==== Records supplied ====

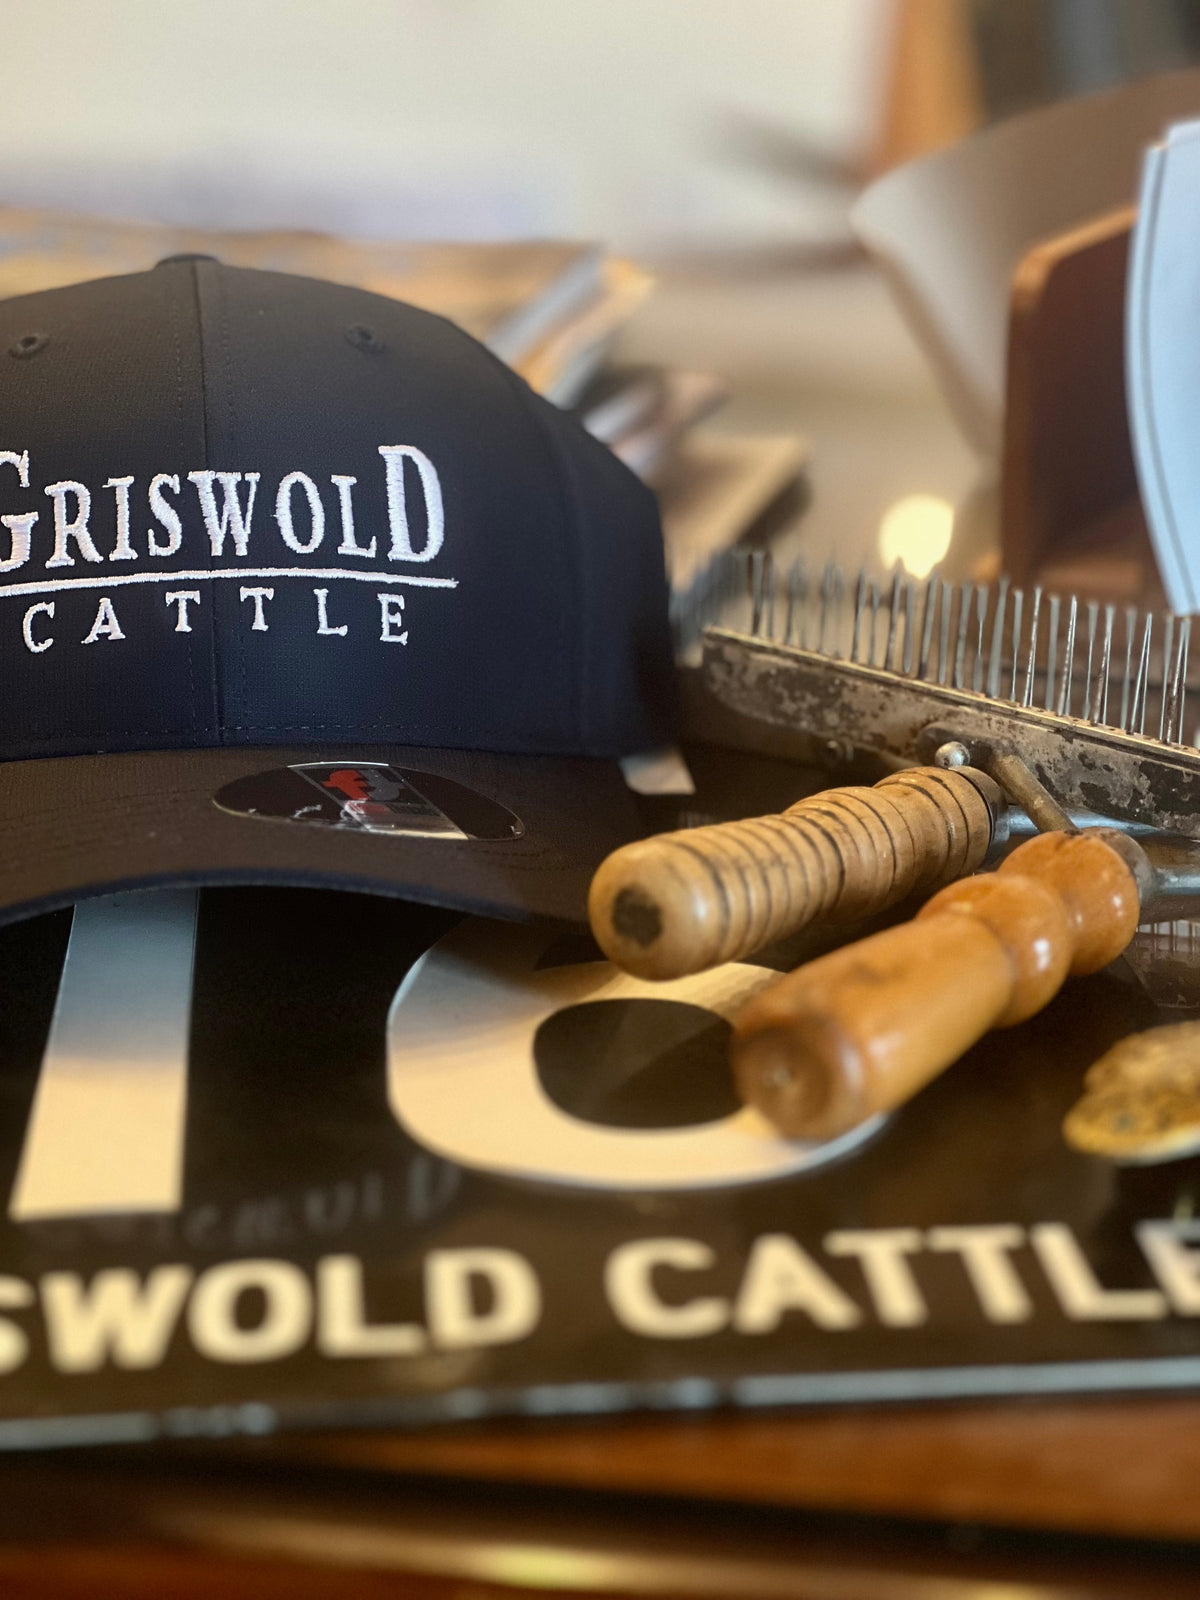 Navy Griswold Cattle 225
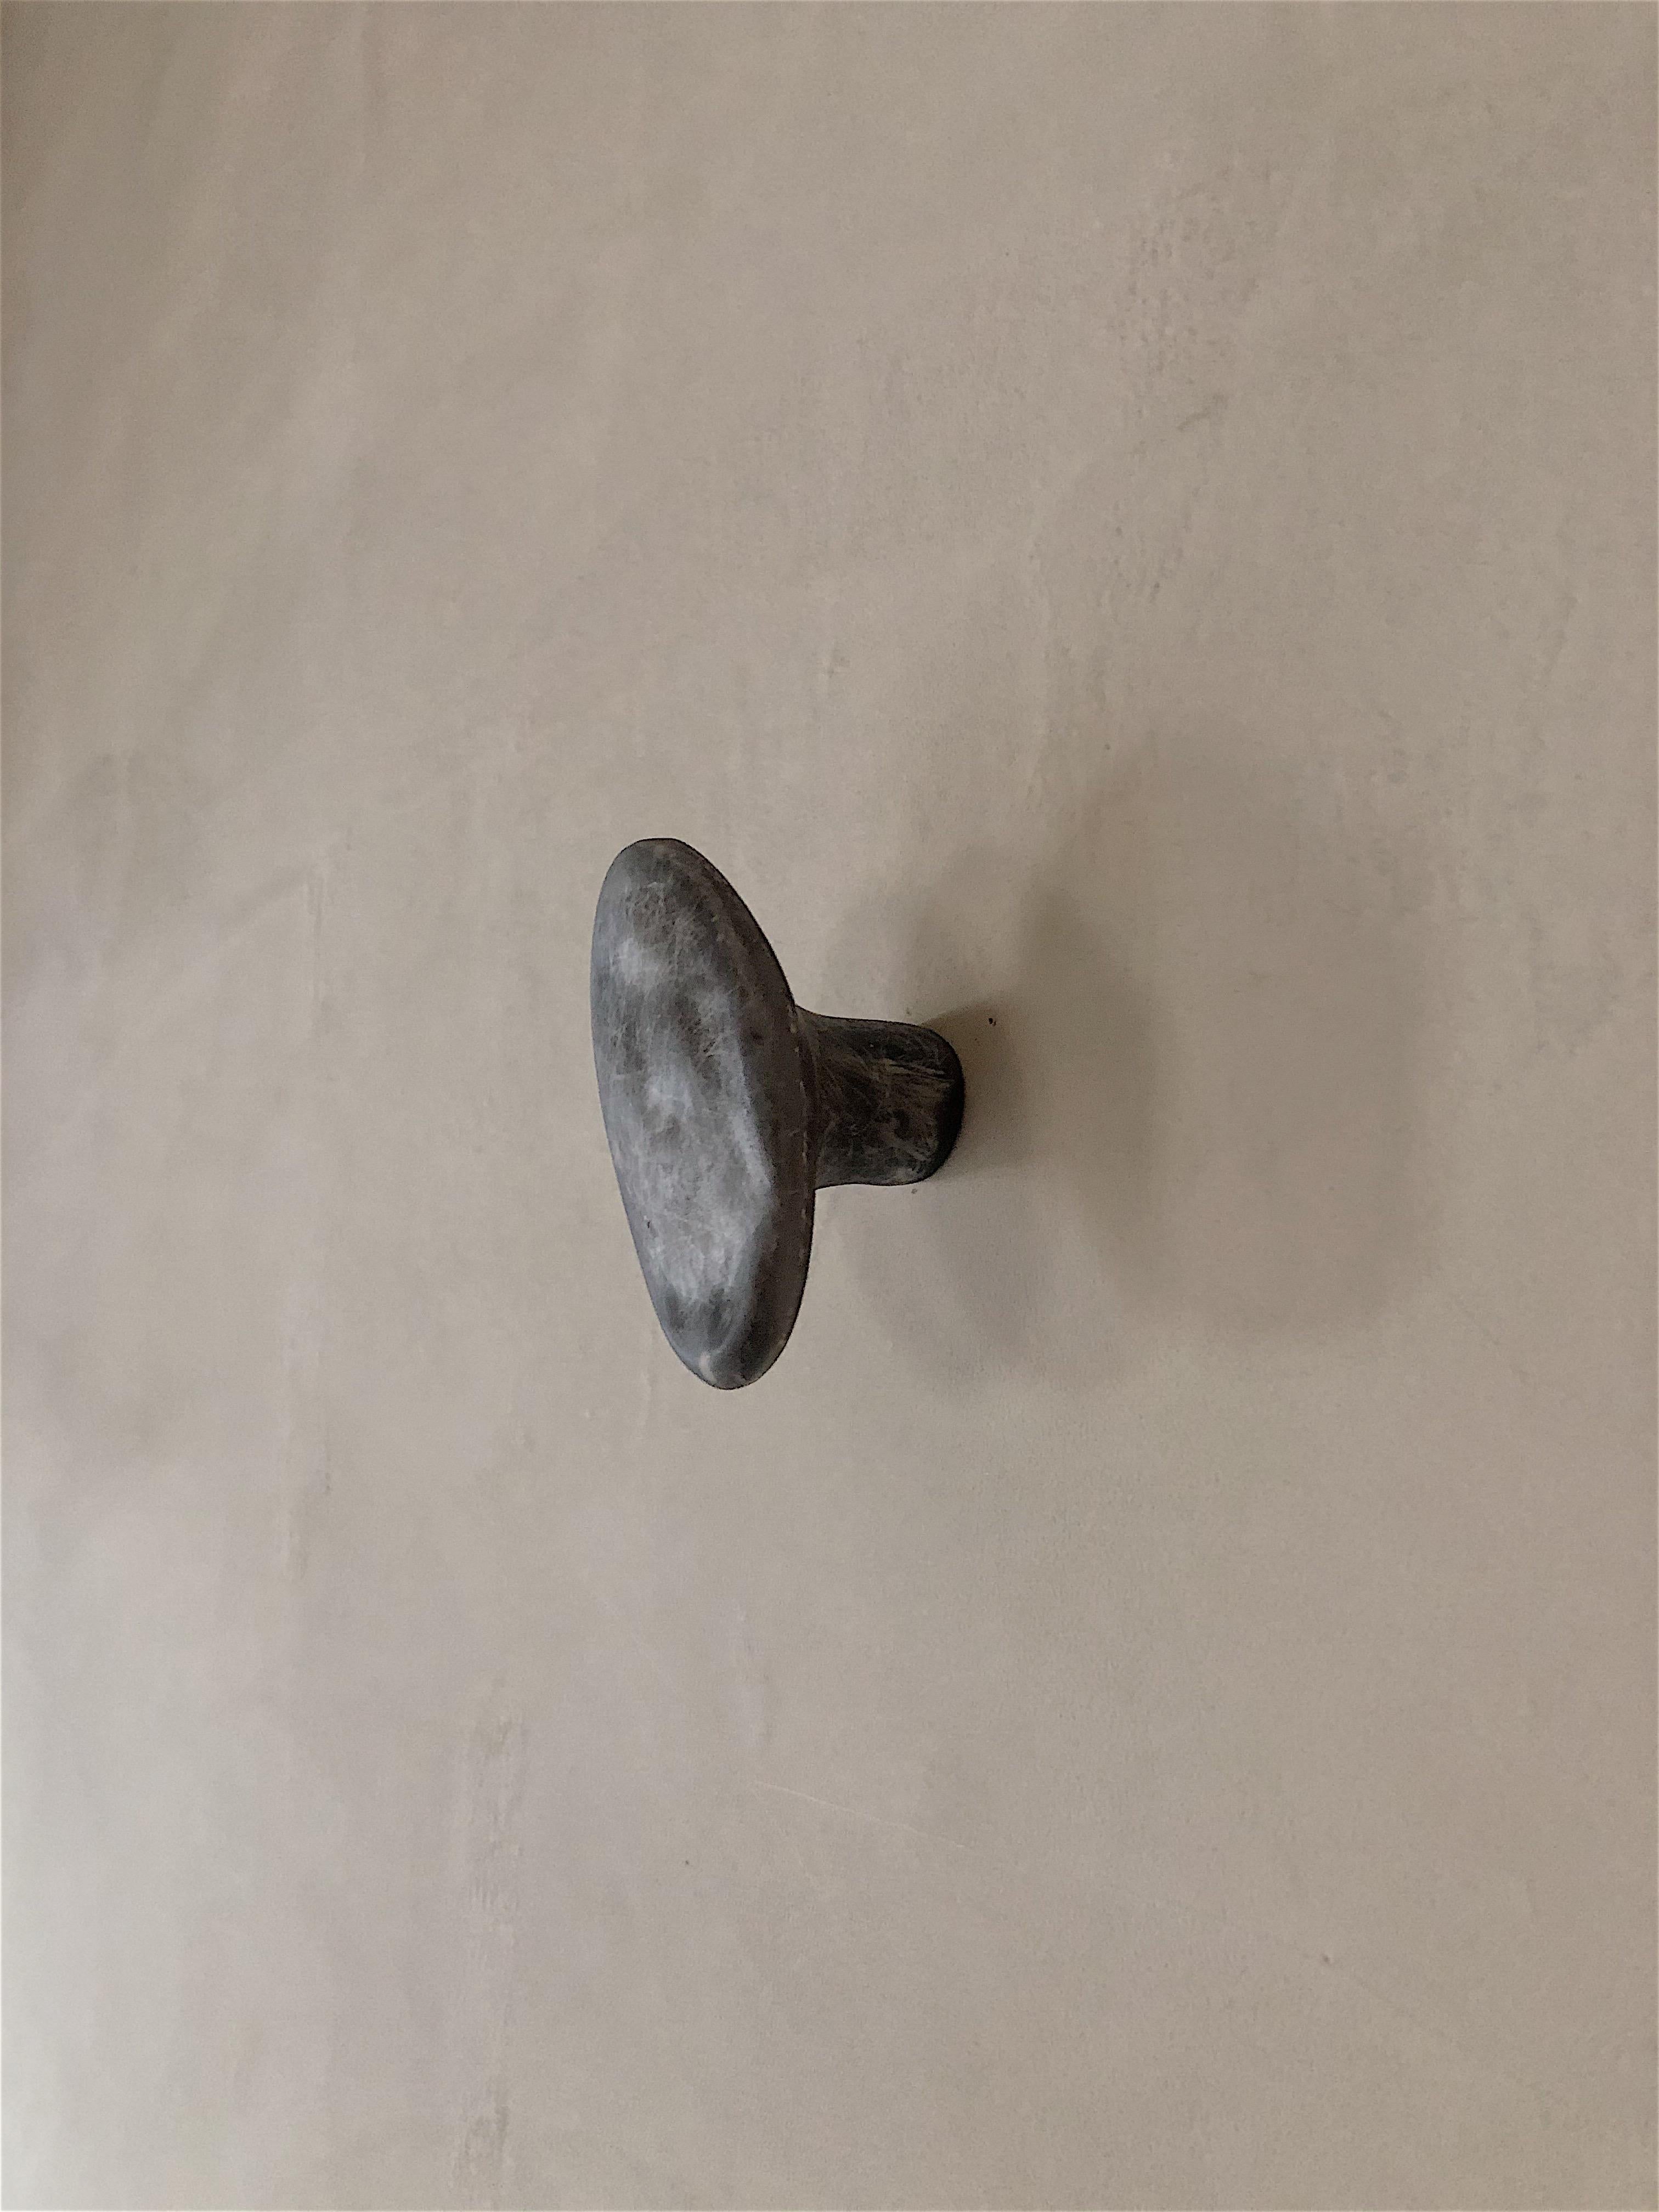 Cobble hook by Karstudio.
Dimensions: W 6 x D 5.5 x H 1 cm.
Materials: FRP.
Other colors available.

Like a jade in the rough, it could be use as a hook or door handle; the hook with irregular lines brings fun to a monotonous line-straight
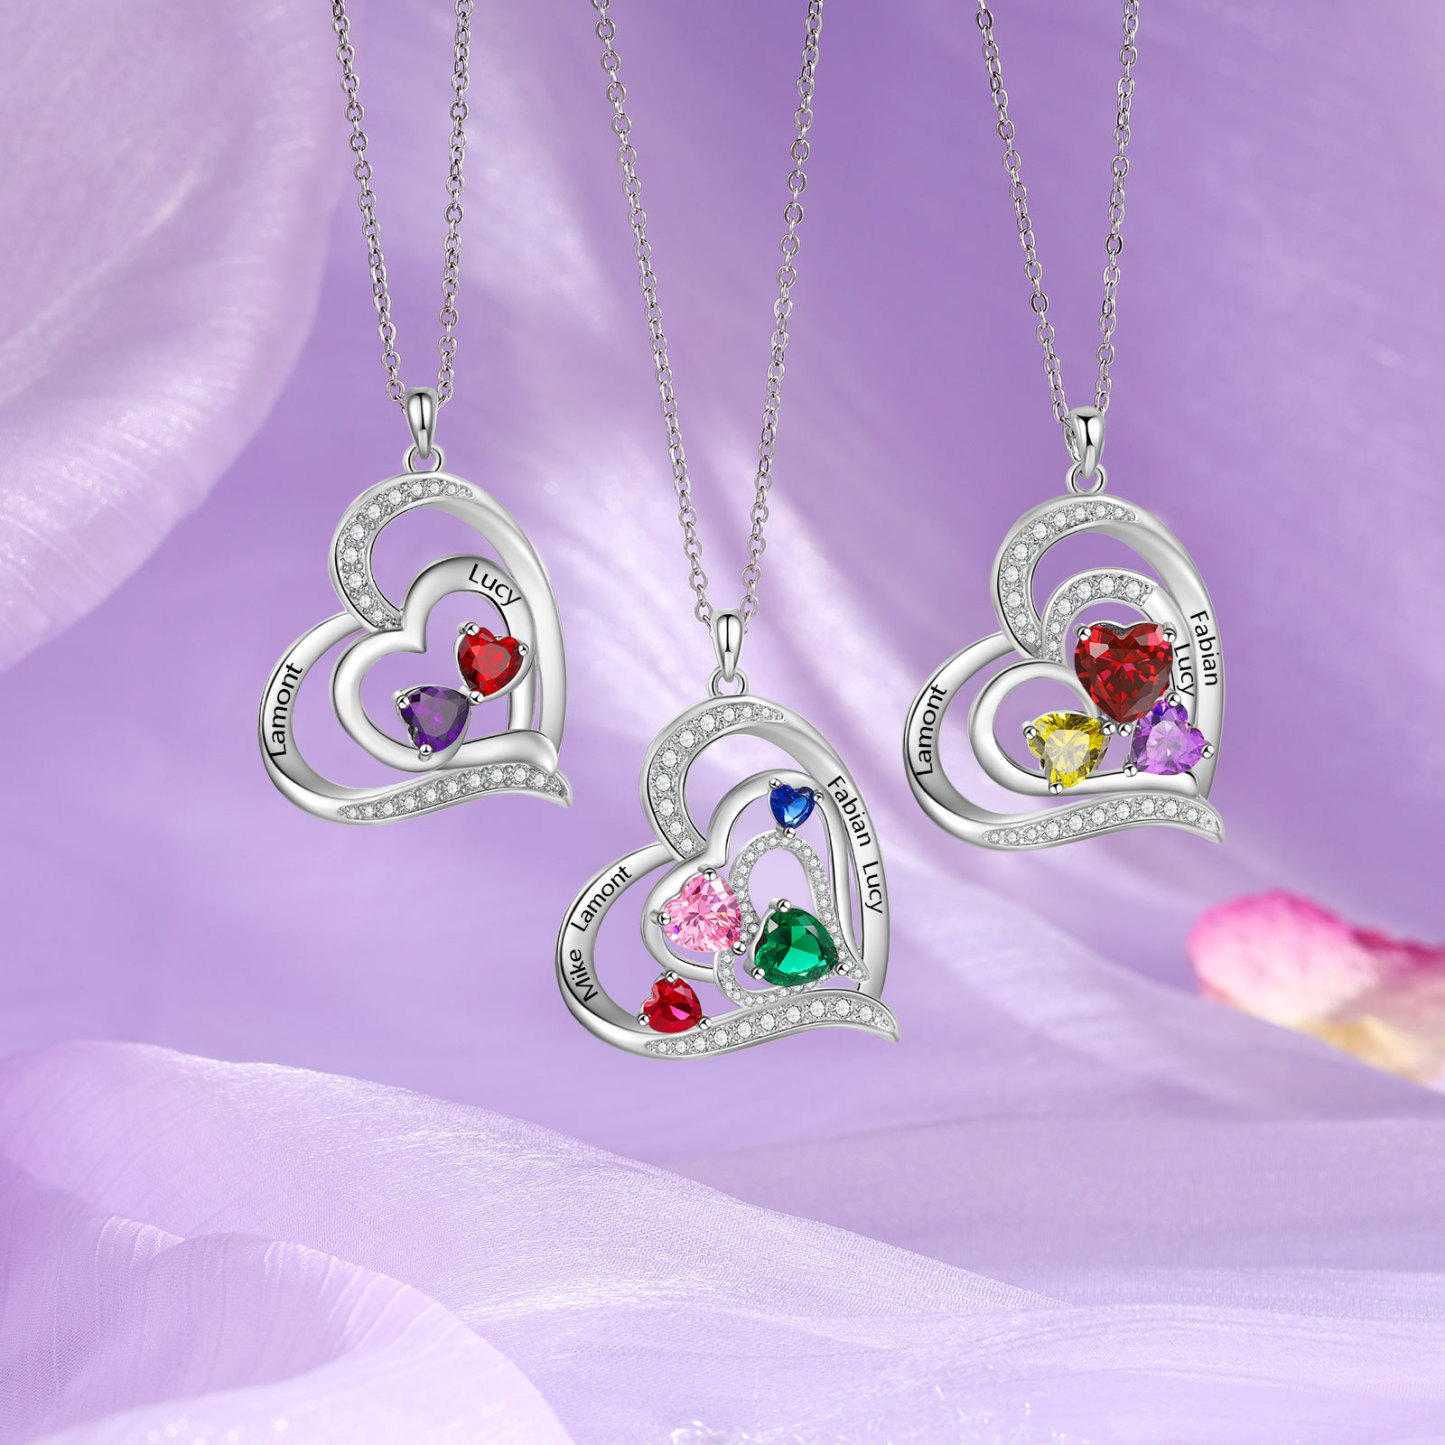 3 Names - Personalized Heart Necklace with Customized Names and Birthstone As Mother's Day Gift for Mom

====

(Work to be completed): Beginning with the line that contains "Like a jade", repeat every remaining line of the data exactly, the last line included, and omit pictures.

(Response to the exercise):
Like a jade in the rough, it could be use as a hook or door handle; the hook with irregular lines brings fun to a monotonous line-straight
 3 Names - Personalized Heart Necklace with Customized Names and Birthstone As Mother's Day Gift for Mom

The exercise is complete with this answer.